6. In the light of the aforesaid submission, the learned Counsel for the opposite parties has placed reliance upon the decision in the case of Kandu Musharand Ors. v. Jagdish Debi and Ors. 1979 BBCJ 82, wherein it has been held that the procedure of deciding the proceeding on perusal of the statement put in by the parties and the affidavits and documents filed by them has been given a go-bye. Witnesses have not to be examined and documents proved in accordance with the Evidence Act. It was, therefore, held that the order passed on a consideration of oral evidence and documents not proved in accordance with law has to be set aside.

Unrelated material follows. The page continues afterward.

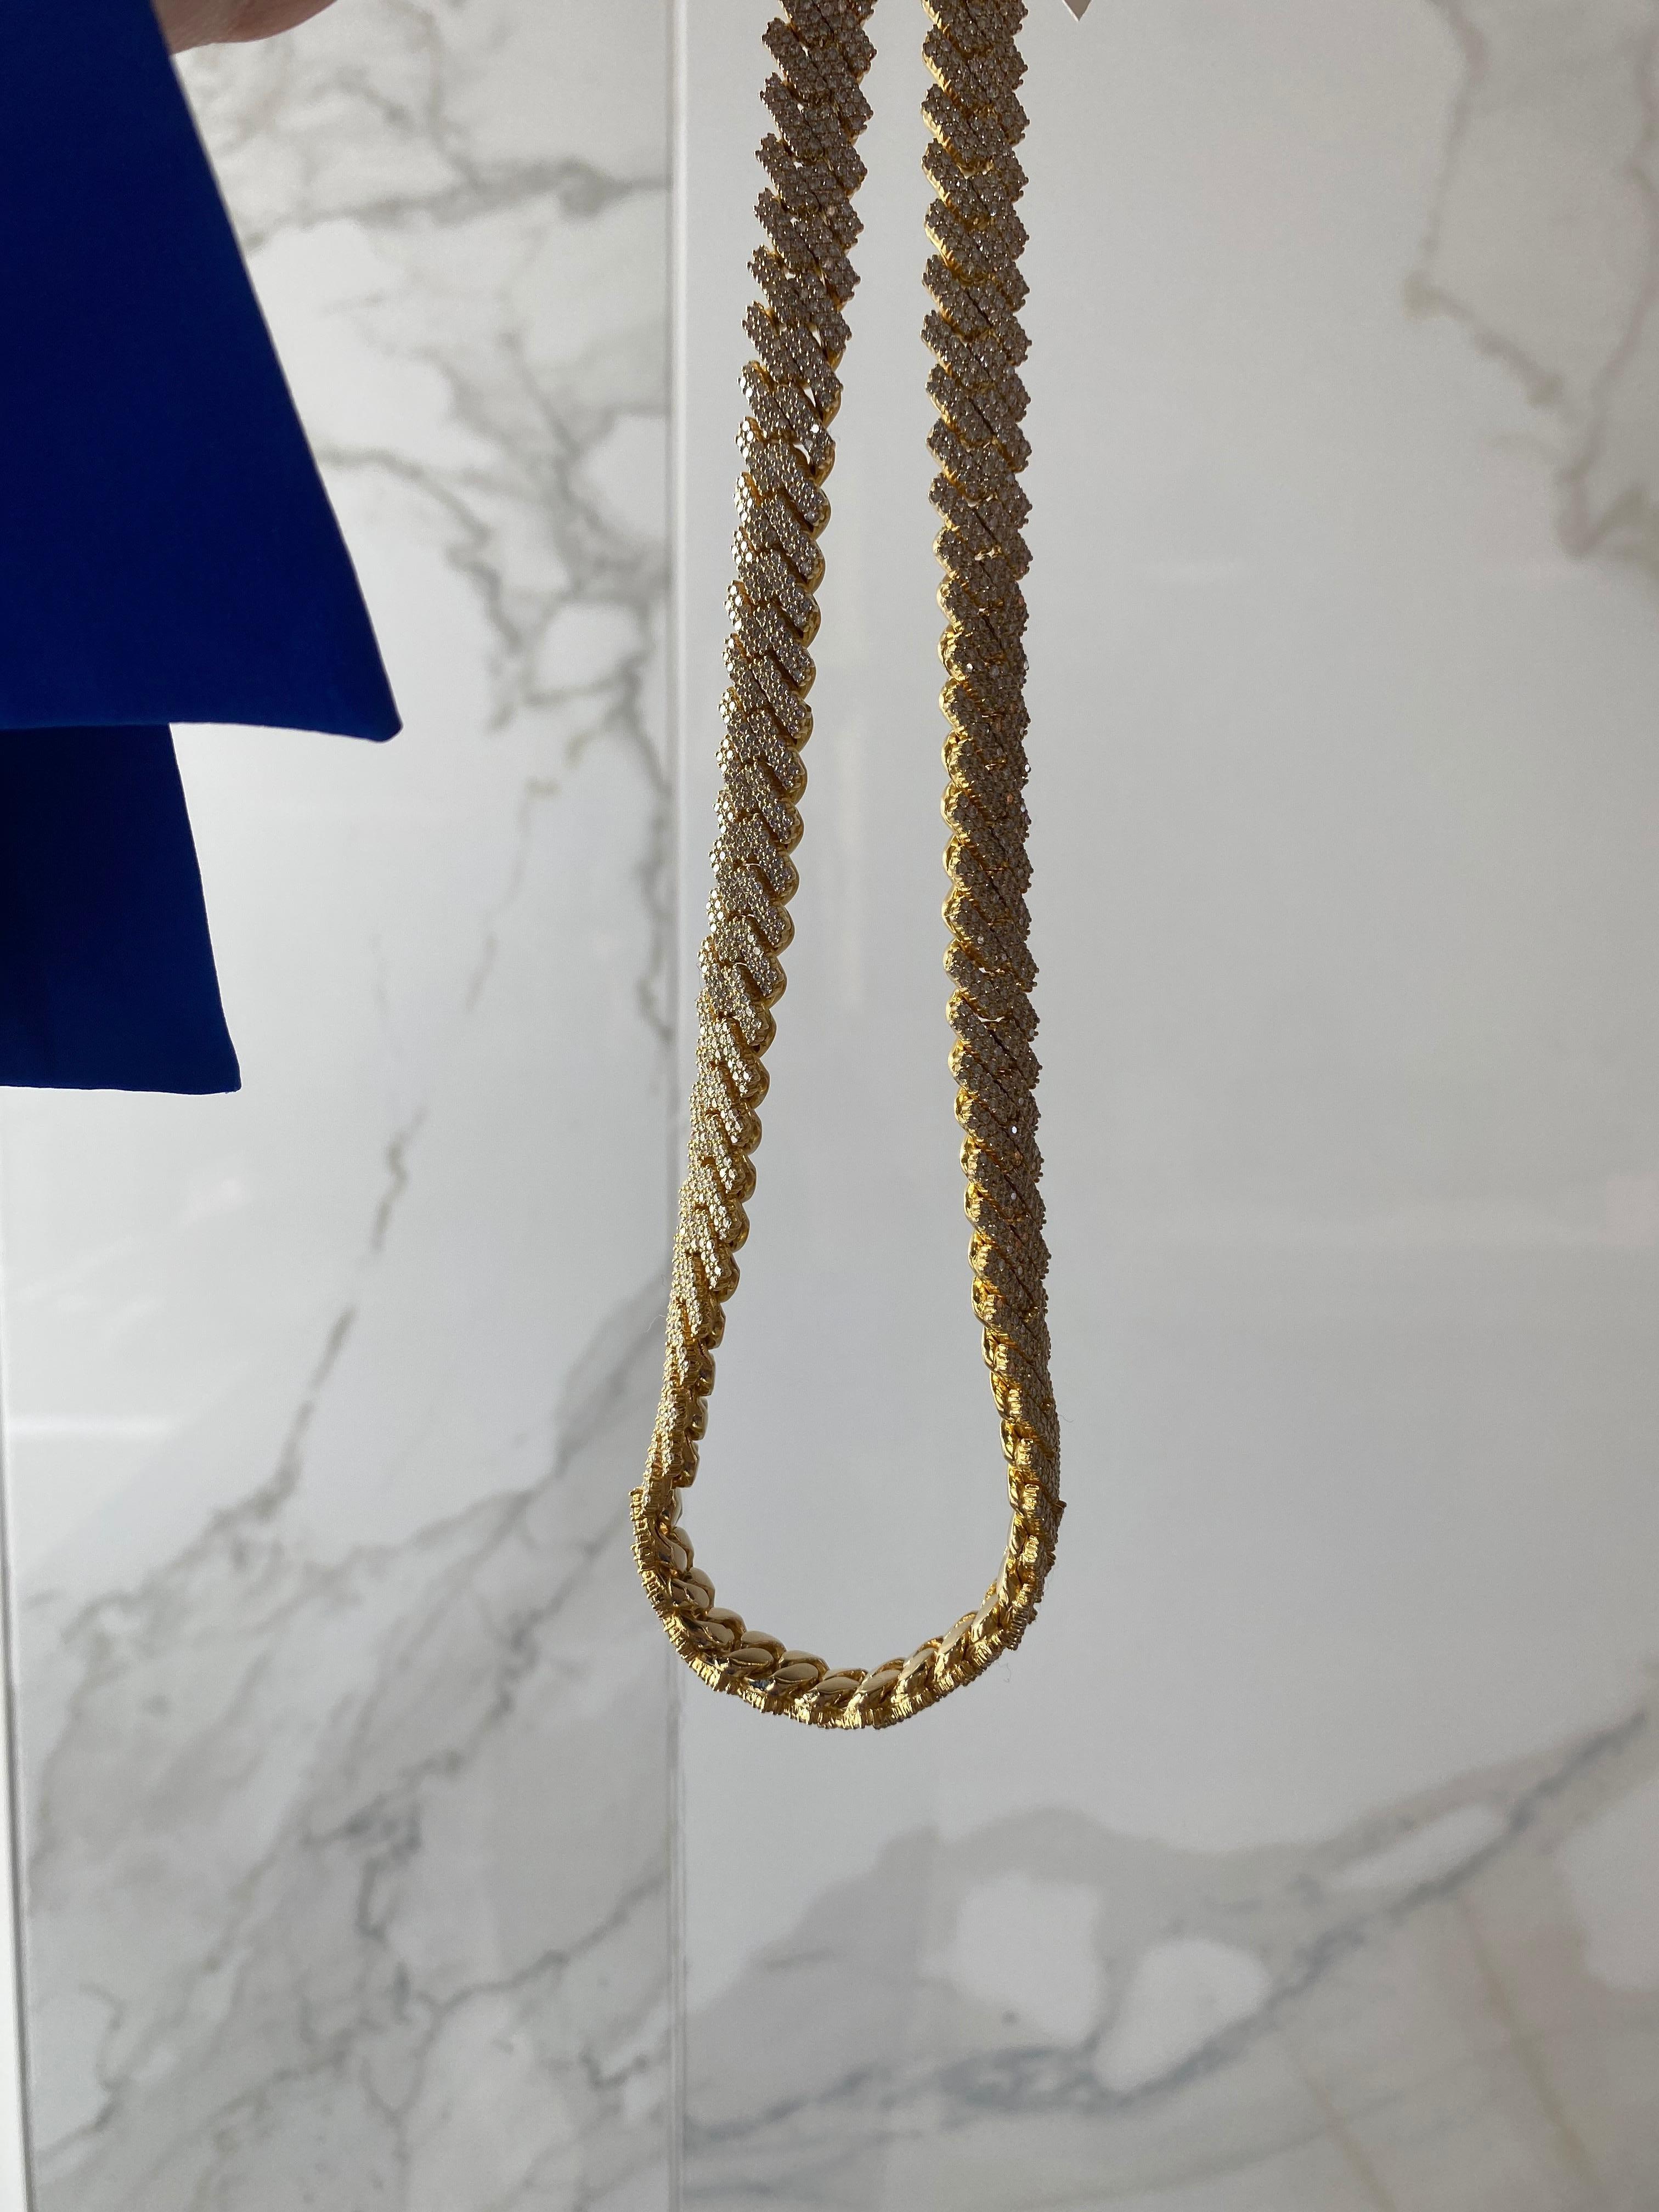 22ctw Round Brilliant Diamond 14kt Yellow Gold Cuban Link Chain In Excellent Condition For Sale In Houston, TX

7. Under the new Code procedure has been laid down under Section 145(4), Cr.P.C. which governs the manner in which the proceeding under Section 145, Cr.P.C. has to be disposed of. Parties are, therefore, bound to follow the procedure laid down under Section 145(4), Cr.P.C. and no waiver will apply so far as the procedure as laid down under the law is concerned. Provision of Section 145(4) Cr.P.C. maybe quoted hereunder:

145. (i) The Magistrate shall then, without reference to the merits or the claims of any of the parties to aright to possess the subject of dispute, peruse the statements so put in, hear the parties, receive all such evidence as may be produced by them, take such further evidence, if any, as he thinks necessary, and, if possible, decide whether any and which of the parties was at the date of the order made by him under Sub-section (1), in possession of the subject of dispute;

Provided that if it appears to the Magistrate that any party has been forcibly and wrongfully dispossess within two months next before the date on which the report of a Police Officer or other information was received by the Magistrate, or after that date and before the date of his order under Sub-section (1), he may that the party so dispossessed as if that party had been in possession on the date of his order under Sub-section (1).

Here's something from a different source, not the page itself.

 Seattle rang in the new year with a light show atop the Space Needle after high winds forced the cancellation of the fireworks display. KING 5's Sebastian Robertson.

The aforesaid provision would clearly indicate that the Magistrate shall receive the evidence as may be produced by the parties which means that the documents which the parties intend to adduce in evidence has to be proved in accordance with the provision of the Evidence Act and the Magistrate who considers the documents which have not been proved in accordance with the law of evidence has certainly committed illegality in considering those documents. In other words, the Magistrate cannot look into those documents which have not been legally proved in accordance with the provision of the Evidence Act.

8. In the instant case, it appears from the record as well as from the impugned order passed by the learned Additional Sessions Judge that the documents, viz., Exhibit. 1 to 6/b which -were considered by the learned Executive Magistrate for coming to his conclusion were not proved in accordance with the provision of the Evidence Act and the learned Additional Sessions .Judge rightly set aside the order passed by the Executive Magistrate and remitted back the matter to him for providing opportunity to the parties in the proceeding to prove the documents filed by them in accordance with law and then decide the matter in coming to conclusion. The learned Additional Sessions Judge has relied upon the decision of this Court in the case of Kanda Musher and Ors. v. Jagdish Devi, (supra) which in my view, lays down the correct proposition of law.

9. For the reasons stated above, the order dated 21.7.98 passed by the IInd Additional Sessions Judge, Dhanbad in Cr. Revision No. 79 of 1997 is upheld. In the result, therefore, I do not find any merit in this application which stands dismissed.